JCK Special Report: Customer Letters Get Automated



It can cost as much as $20 to send a letter to a customer, mostly because of organizational and administrative time, plus production expenses. Nancy Schuring, the owner of Devon Fine Jewelry, Wyckoff, N.J., has decreased those costs, even while making customer letters more personalized. She does so through LetterMatics, a system she and her fiancé, Joe Portale, developed with help from friends in software development.

LetterMatics is a software package that can be integrated into most POS systems. A sales associate can create a unique customer letter by accessing a database where the customer’s name and address are automatically transferred into a new MS Word file. Staff members can choose from among 20 retail jeweler-specific letter templates, which range from thank-you to call-to-action letters and include an electronic signature. Highlighted areas indicate portions of text that need to be customized. The user uploads the letter to an FTP (file transfer protocol) server with three clicks, and it’s then downloaded at LetterMatics’ New Jersey facility. There it’s printed, folded, stuffed, addressed, and posted, arriving at a customer’s home in one or two days.

Schuring and her staff have been using the system for just over a year and have signed on 30 retail jeweler users in that time. (Schuring, a part owner of LetterMatics, has a lead marketing and promotions role for both it and her retail business.)

Vendor-specific correspondence can be sent to a specific customer or group. For example, follow-up letters to purchasers of Hearts On Fire jewelry or Breitling watches can include news of new collections or coordinating pieces, and the software allows Schuring’s staff to send letters more frequently at less cost. "Black and white letters cost 91 cents, and four-color letters are about $1.31," says Schuring. "This includes postage."

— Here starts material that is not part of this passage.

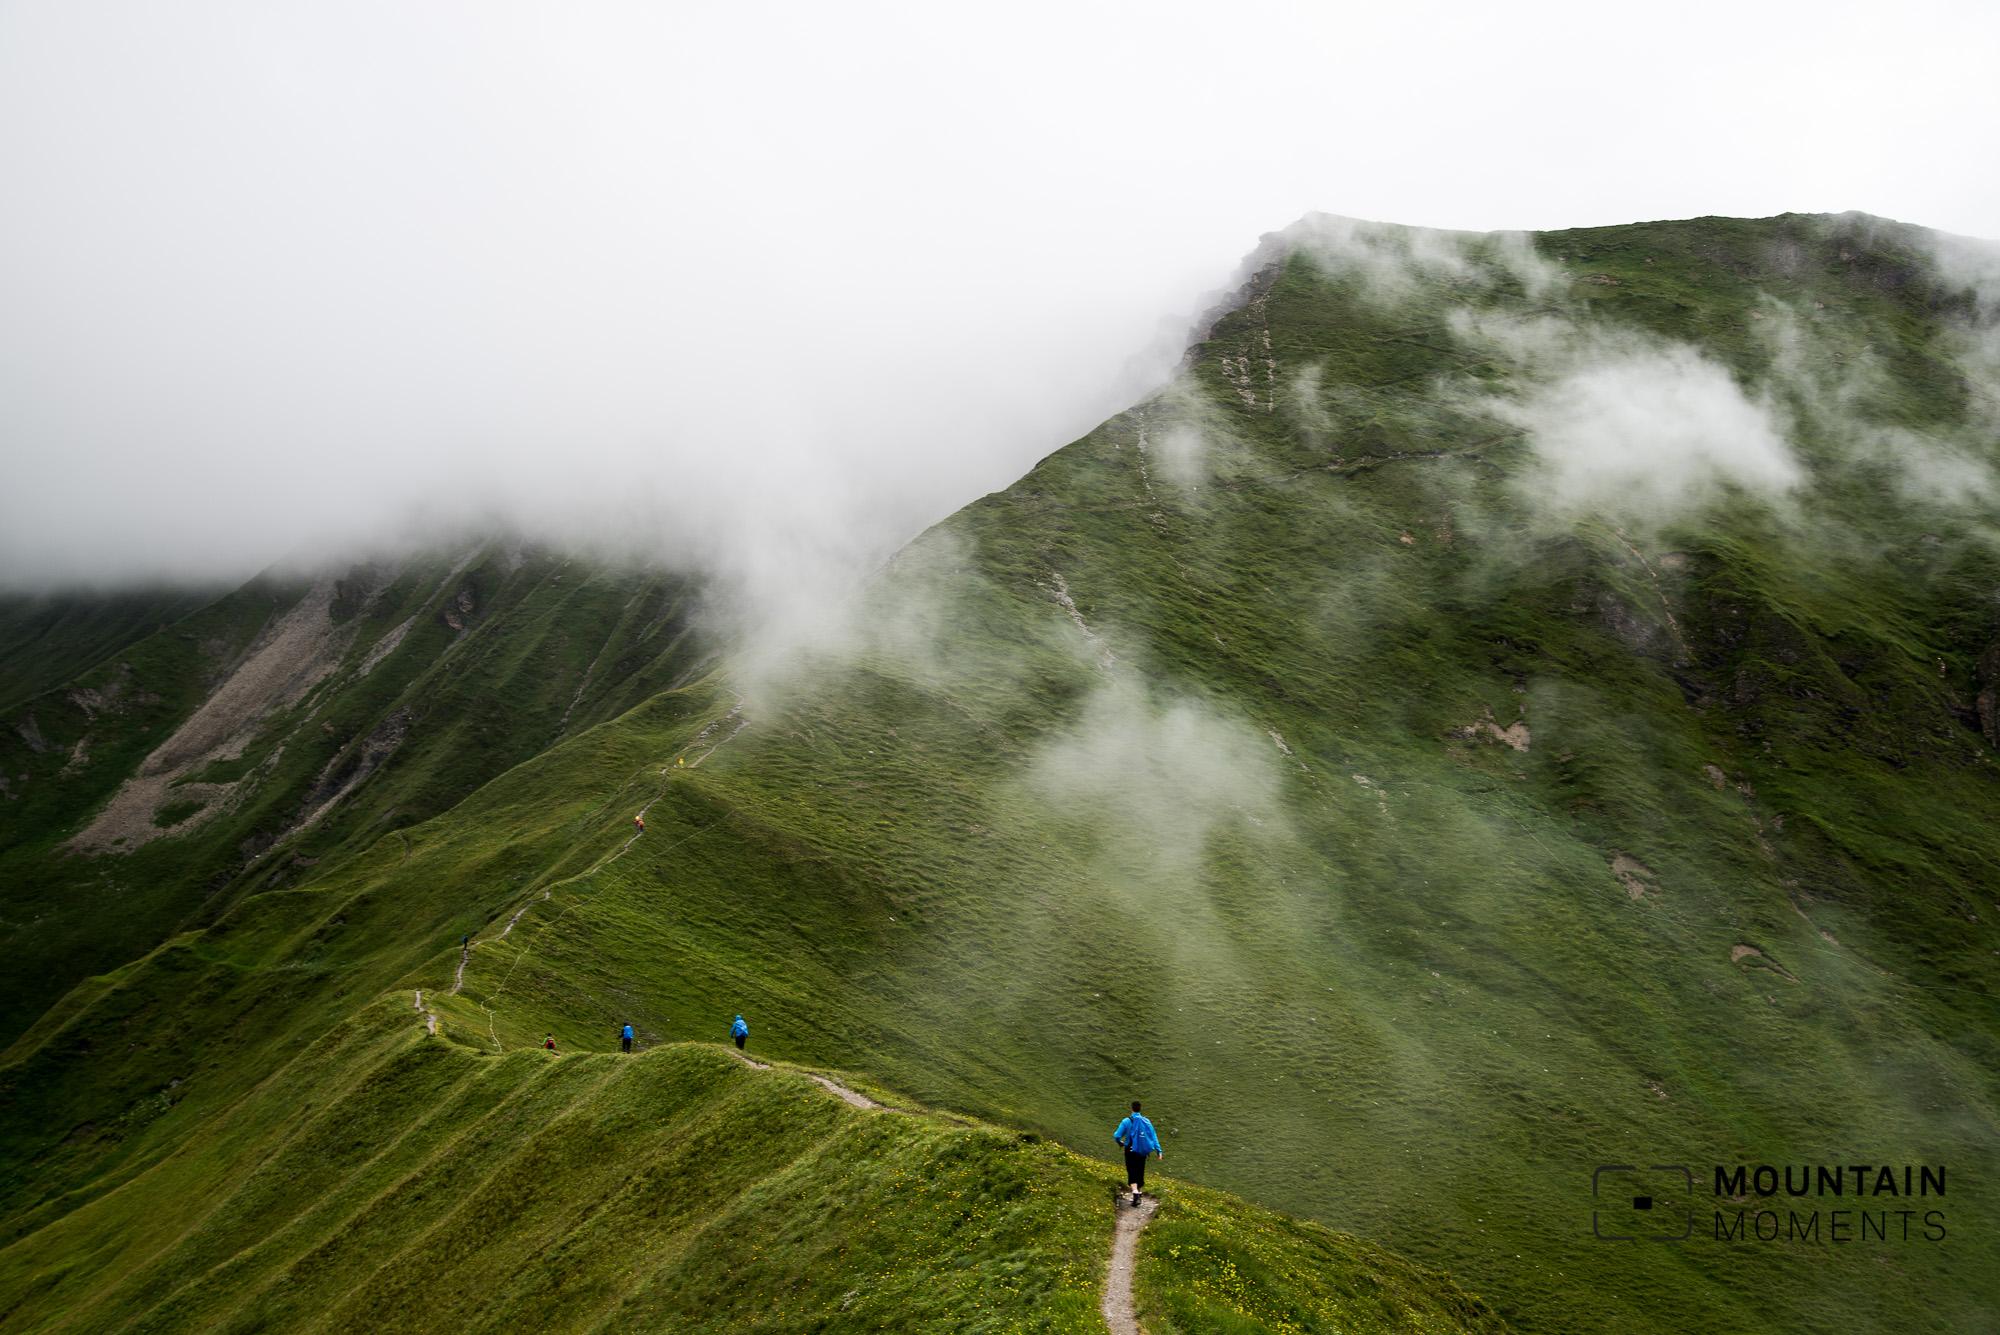 bergfotografie, berge fotografieren, hügel, grüne wiese, moody, fotografieren im regen, bergwandern, foto wandern, fotowandern, foto wanderung

The system, which produces high-resolution (600 dpi) black-and-white letters and high-quality four-color mailers, has sparked a move away from traditional printing and also has cut waste. In the past, printers required orders in round numbers, like a minimum 500 or 1,000. "Now if I need 267 direct mailers to go out, I can print and send that exact number of cards," says Schuring. "If I missed a few customers, no problem; single sends or small groups of the same direct mailer are easily done as one-offs."

Smaller, targeted mailings are getting better responses. Last year "Devon Dollars" were sent to the store’s top 150 customers, and 45 redeemed them, a 30 percent response rate. This year a "Devon Stimulus Package" went to the store’s 675 next-best customers, and 66 redeemed $50 coupons, a response rate of 10 percent.

LetterMatics users can track how sales associates are using the system and record sales linked to customer letters. Devon’s top sales associate, Michaelene Mason, says she can "customize and send a letter in the time it takes for a customer to leave the store and exit our parking lot." Mason recalls one letter that generated $10,000 in business and another that brought in $3,500.

The biggest challenge is creating and updating customer profiles. "The software is only as good as the customer database," says Schuring. "The more detailed the customer profile, the more opportunities sales associates have to reach out to their clients."